## Video: The Scala Experiment

An hour long presentation by Martin Odersky on The Scala Experiment is available on Google Video. Covers a lot of territory, including (naturally) integration of FP/OOP, Erlang style Actors, Components vs. APIs, ML Functors, mixins, self-types - to name a few. The video is fuzzy on the slides, so it helps to have the pdf of the slides handy.

I can't say that I groked all the implications of the ground covered, much less the exact syntax, but at least it gave me a better feel for some of the PL problems that the Scala project is trying to address.

## Comment viewing options

### A second recommendation

Thanks for the excellent link, Chris.

I have to second this recommendation. Anyone interested in Scala or in the design space it covers (OO/FP blend) will probably get a lot out of it.

(Wouldn't have minded fewer nerdy questions from the audience though ;-))

Well worth the hour's attention.

### Specifying component requirements

I agree that the questions from the audience were a bit distracting, particularly since it was so hard to hear them with all the ambient noise.

One question that a member of the audience had was in regard to Martin's claim that traditional OO language support doesn't go far enough to enable components. He said that interfaces allow you to specify the services a component provides, but not what a component requires. His answer seemed to handwave a bit; I'm still uncertain.

Say we define a class C whose constructor takes a parameter with interface R and implements the interface I. In other words, in Java-ese:

class C implements I { public C(R r) { ... } }

If we declare "C" to be a component, it seems to me that the interface "R" specifies the services the component requires, and "I" specifies the services it provides. If we think of both "R" and "C" as modules, this seems to be close to the idea of functors, with the exception that (in Java, at least), I and R cannot specify types.

What is it about "components" that requires more of the language than this? I'm guessing the abstract types have something to do with it, but I still don't quite get it.

I really enjoyed this video. Kudos to Martin and his team for a valiant effort at unifying OO and FP, and breaking new ground in the process.

### The right track...

I haven't watched the video yet, so don't know how well Odersky addressed the question in the talk. But you're right in guessing that there's a bit more to Scala's support for components than Java-style interfaces, and you're right that abstract types have something to do with it. I highly recommend Scalable Component Abstractions. I think you'll find the presentation clear and the examples quite compelling.

### Explicit self types to express requirements

Let me take a quick stab at giving you an intuition as to how Scala provides support for specifying a component's required interface:

When you specify a class, you may also specify the type of the this variable using the requires keyword (when you don't specify it, it's simply the defining class itself.)

So, suppose you have a component MessageBroker, that depends on a Transport component, you may specify it like this:

class MessageBroker requires (MessageBroker with Transport)

The effect of this definition is that this will be of the compound type MessageBroker with Transport in the body of MessageBroker.

This is similar to directly extending a concrete implementation of Transport, in that members from Transport will be available on this in your message broker. However, it is more flexible than inheritance, as it allows you to defer the choice of which concrete Transport you want until you actually instantiate MessageBroker. In other words, Transport need not be a concrete class (so you can use abstract type members to make this even more flexible).

So, to instantiate a MessageBroker with a HTTPTransport, you write new MessageBroker with HTTPTransport.

### Constructors and functors

It's true, class constructors can express required components as interface-typed parameters. However, this runs into problems for more complex compositions.

One problem is that diamond dependencies cannot be expressed. I.e. class A requires B and C, but also requires that B and C agree on the type of one of their components. This problem is solved by abstract types in Scala and by sharing constraints in ML.

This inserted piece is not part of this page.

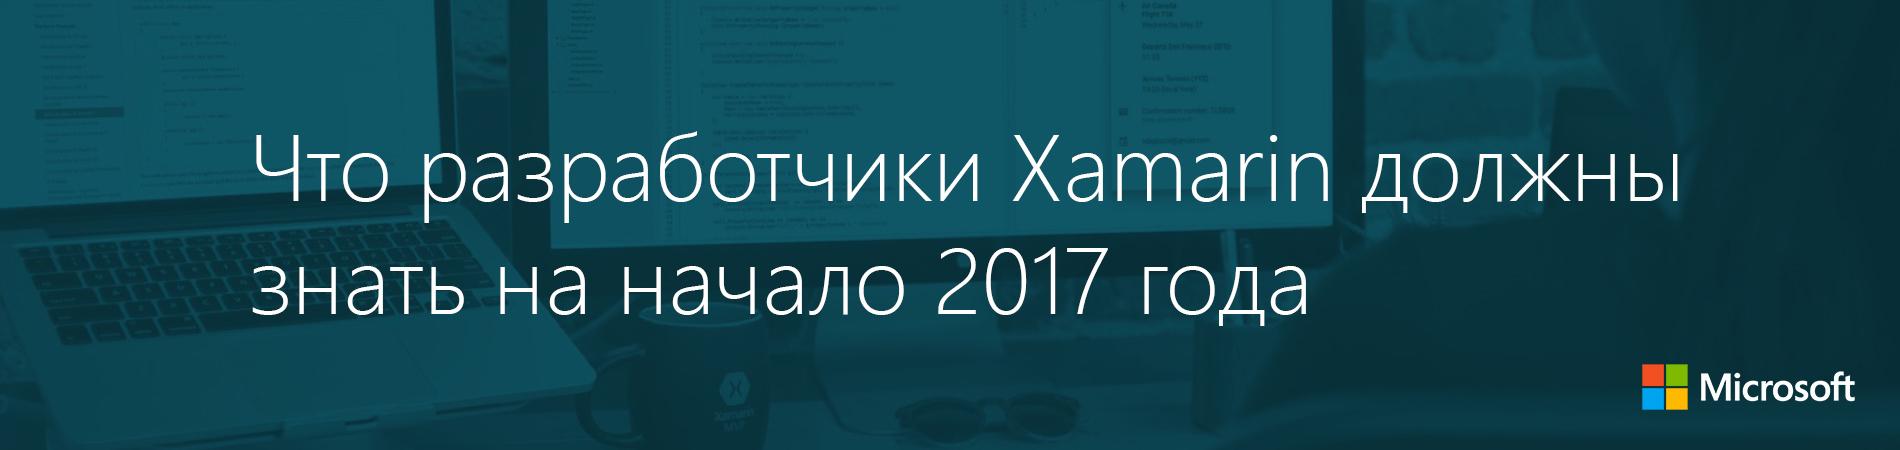 Что разработчики Xamarin должны знать на начало 2017 года

Another problem is that recursive dependencies cannot be expressed through parameterization. This problem is also present in the SML module system. It is solved in Scala through mixin composition.

### component requirements

Here's my best guess on the component requirements issue. In Scala you can define a trait like this:

trait LabelProvider requires LabelComponent {
...
}

class MyLabel extends LabelComponent with LabelProvider {
}

LabelProvider isn't just an interface. It can provide implementations of methods. With the "requires" in place it can do more -- it "knows" that when made concrete it's going to have LabelComponent amongst its base types, so it is free to call methods in LabelComponent's scope in its own method implementations.

The Scala compiler uses this pretty extensively to sew together an extensive fabric of componentry.